Just because the new generation of iBuyPower Value XP PC looks pretty doesn't mean that it has left its down-home roots behind. This PC comes highly recommended because it's still one of the best values around. The standard configuration costs a mere $899 and includes a speedy 2.26GHz Pentium 4, 256MB of RAM, a 60GB hard drive, and a GeForce4 MX 440 card. All of this plus the bundled 17-inch CRT adds up to quite a system for the money despite a lackluster support package. Upgrade the flimsy default speakers, keyboard, and mouse, and you'll still walk away with a sub-$1,000 system. If you're determined to spend less than a grand for a new PC and you want enough power for the applications of today (and tomorrow), the iBuyPower Value XP PC deserves a spot on your shortlist. With its swanky silver case, iBuyPower brings high-class looks to its low-cost Value XP PC. But this isn't just another pretty case; it also provides plenty of room for upgrades and has two convenient USB ports at the bottom of the front panel. Its beige predecessor, on the other hand, supplied these only on the back of the box. FireWire, however, is another story. You'll need to pony up $29 for an add-in FireWire card that gives you three such ports on the back of the system.

Two USB 1.1 ports up front.

Four USB 1.1 ports on the back,
but zero USB 2.0 anywhere.

The Value XP's back panel contains the usual ports for monitor, printer, keyboard, mouse, and so on. Our Value XP test system didn't include an Ethernet port, but iBuyPower offers five network-card options from which to choose. Also missing is USB 2.0 support. You'll need to buy a PCI USB 2.0 card if you have peripherals that support this faster spec.

Cabling under control.
Peer through the window on the side of the case, and you'll notice that iBuyPower does a fine job of keeping things tidy on the inside, especially when you consider that it has a total of four cooling fans. Two of the fans are located at the bottom of the side panel, which slides off, so be careful that you don't just rip off the door in your haste to get inside your system. You must disconnect each fan's power cord to completely remove the side panel. You'll also need a screwdriver; the side panel is held on by two screws on the back.

iBuyPower had reason to keep the cabling from the four fans, the hard drive, and the optical drives under control. If the system were cluttered with cables, you'd have a harder time realizing your expansion plans. And thankfully, the Value XP PC has lots of room for just that with its two available 5.25-inch drive bays, two free 3.5-inch bays, and five free PCI slots. This is truly a system that will grow with you.

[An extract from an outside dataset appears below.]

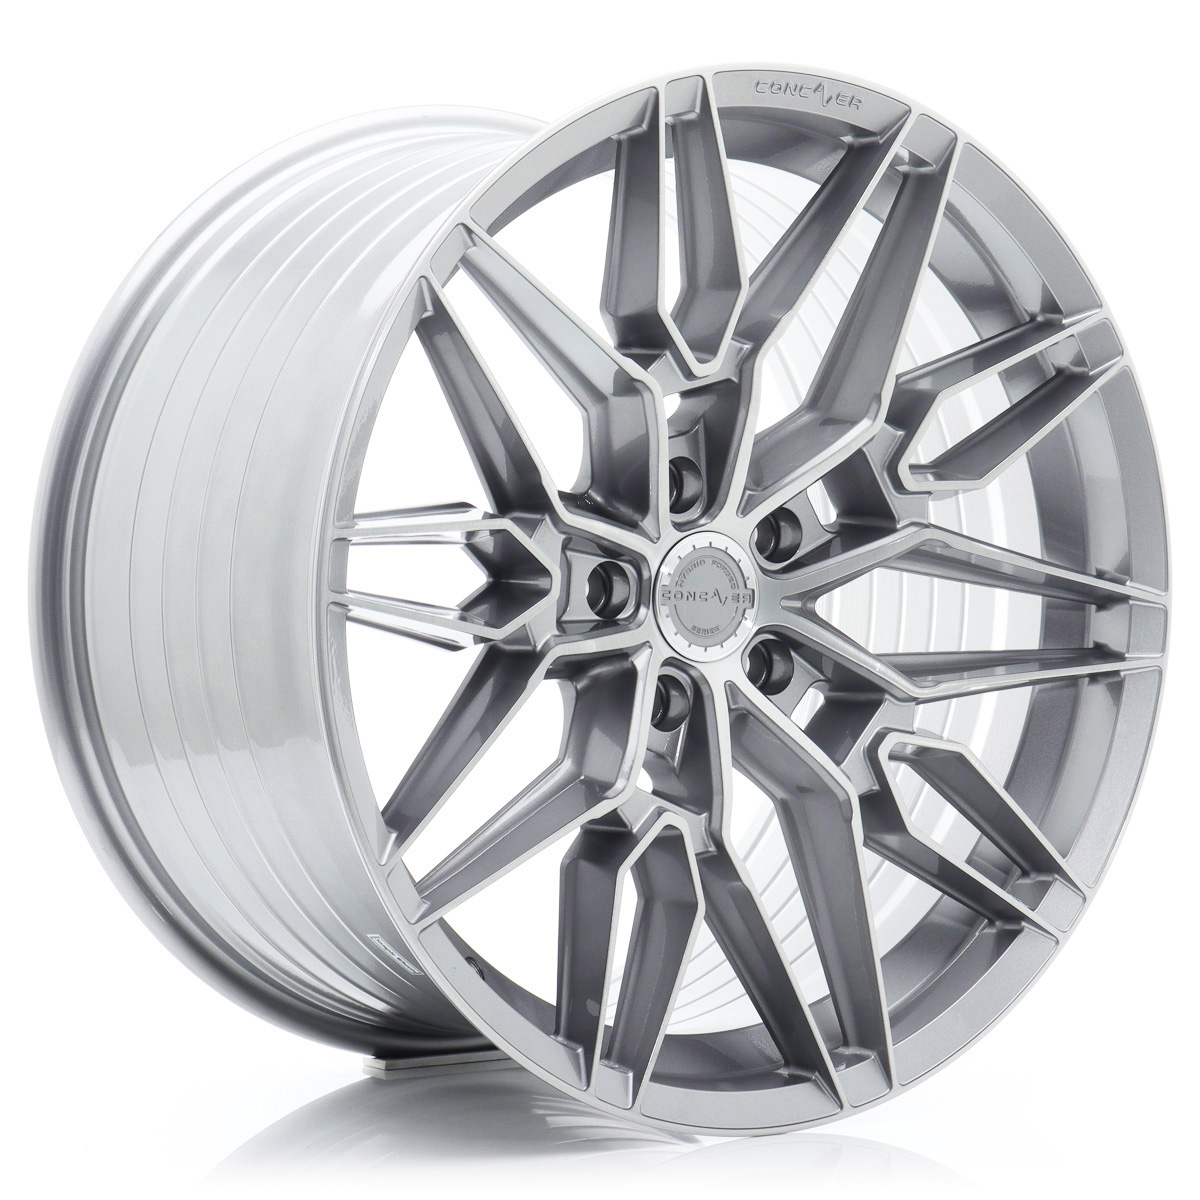 Concaver Wheels - Hybrid forged wheels collection
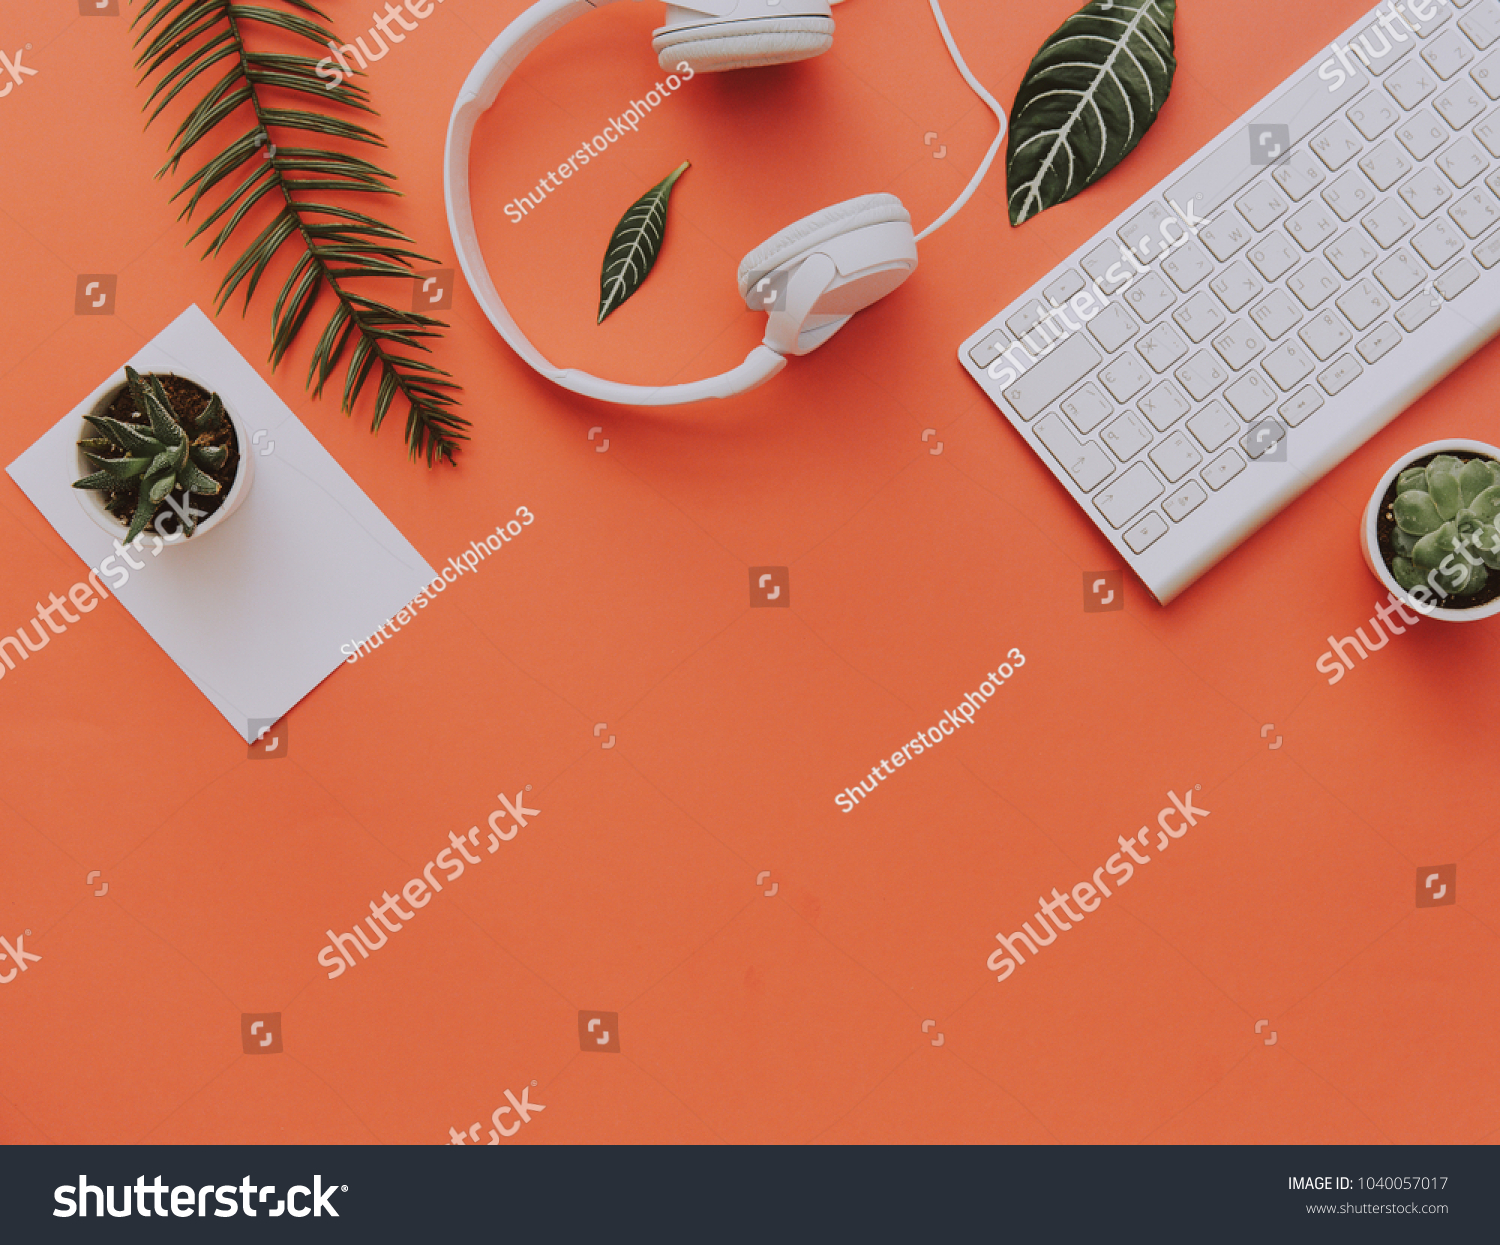 Creative flat lay of workspace desk, office stationery, keyboard, headphones and lifestyle objects on orange background with copy space #1040057017

Plan to expand? No problem.

iBuyPower offers a broad and colorful array of features for its Value XP PC. Yes, you can customize your Value XP PC with blue, green, yellow, black, or silver optical drives, keyboard, and mouse. But to keep the system's price low, some of these peripherals--no matter which color--are second-rate at best.

These are not the speakers you want.
Our test configuration included speakers, a keyboard, and a mouse from a company called Mitsuko, and all of which felt like cheap, plastic children's toys made to resemble actual computer peripherals. The three-piece speaker set includes a minisubwoofer that doesn't require its own power source--never a good sign. In fact, we'd hesitate to call it a subwoofer at all; it's more like a third speaker and a tinny one at that. If you're entertaining even the slightest notion of watching DVDs or listening to MP3s on your computer, spend the extra money to upgrade to Altec Lansing's three-piece set at the very least. We'd also suggest upgrading to one of the three Microsoft keyboards and an IntelliMouse Explorer.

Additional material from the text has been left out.